Gunning across the pavement, a white SUV screeches to a stop.
A man in wraparound shades jumps out and forces his way into a black sedan, as a police cruiser pulls up off the rear bumper. Two Las Vegas officers crouch low, pistols drawn.
“Put the knife down!” one shouts. Slowly, the man steps out and he’s taken into custody.
Then all the participants in this training scenario populated entirely by cops sit down to dissect decisions made during the mock confrontation.
“Do you think maybe it would’ve been better to get at least one car back to create a little … more time and distance?”, instructor Pete Crews asks.
The question is key given findings that Las Vegas police routinely failed to slow high-stakes encounters, resulting in “errors and fatalities.”
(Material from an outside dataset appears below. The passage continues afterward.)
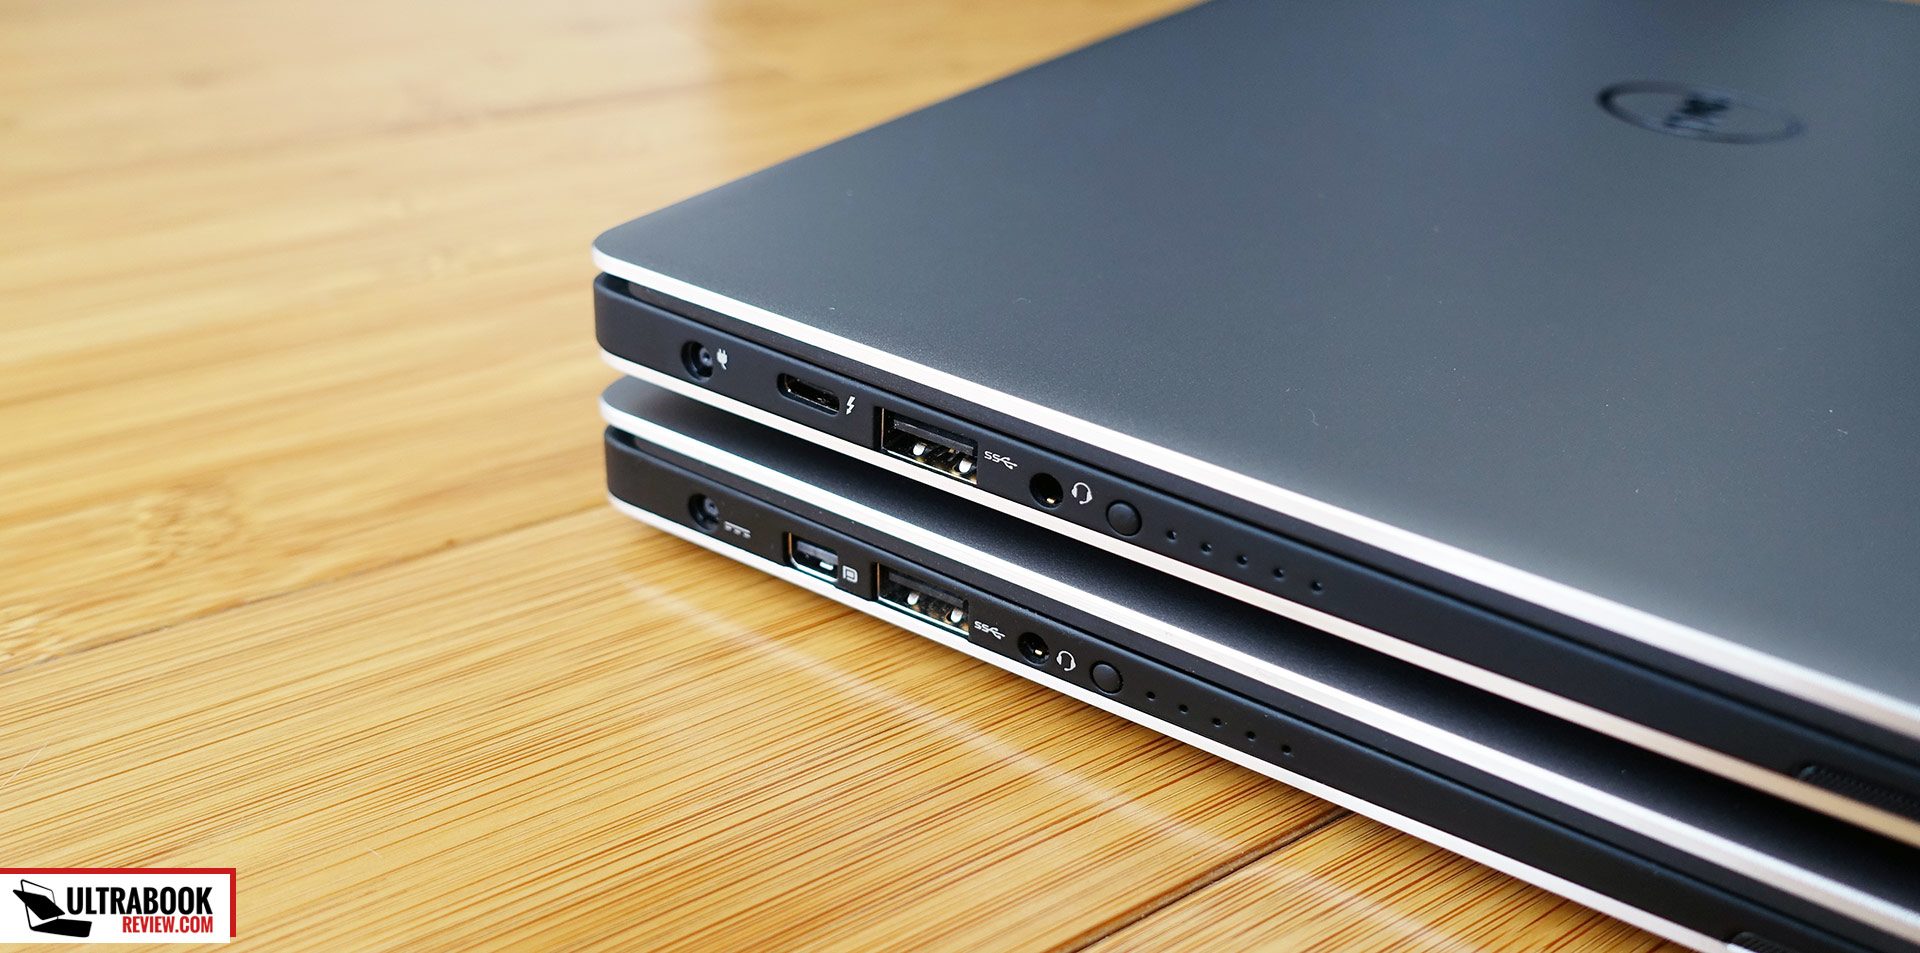 The XPS 9350 (top) gets a Thunderbolt 3 port, which replaces the miniDP port on the XPS 9343 (bottom)

When the review began, Metro was just rolling out reality-based training, four-hour sessions now required annually for all officers.
Las Vegas has since trained hundreds to deal with people with mental illnesses. It has struggled to incorporate de-escalation into other training.
Some instructors “expressed outright disapproval” of the new use-of-force protocol, the consultant found.
“When you have the trainers actually mocking the training, how seriously are the trainees going to take it?” said Andre Lagomarsino, a lawyer for the family of Trevon Cole, killed by an officer.
McCarthy acknowledges dissent, but says that problem was corrected.
Critics say training appears to have reduced shootings. Trainees are measured in praising its value.
Jason de la Garrigue, says such training reminds him of the split-second decisions of street patrol he largely left behind during five years on the vice squad. But he questioned its impact.
“I can’t say it’s going to help us reduce (shootings),” he says, “but it’s a start.”
The radio in Dave Milewski’s cruiser crackles: “Subject in a blue sedan fired one shot out of a vehicle at a residence.”
This is no training scenario.
Pulling up alongside apartments with bars on second-floor windows, Milewski learns a man shot at a building. Residents describe a second man with a gun, running through a neighboring complex.
With evening light fading, officers’ questions lead to a unit below the stairs – and the second gunman.
Only his long-barreled revolver turns out to be a BB gun that resembles a real weapon, but is perfectly legal.
It’s a reminder of miscues training can’t always anticipate.
“You run out and a cop sees you in a dark alley with one of those, you’re getting shot,” Lt. Dave Valenta says.
Back on patrol, Milewski recounts the only time he fired his gun on duty – two shots that missed a woman trying to run down him and his partner. That night, he says, he didn’t recognize the threat until it was bearing down on him.
“You have weeks where every night you’re drawing your gun,” he says. “You just never know.”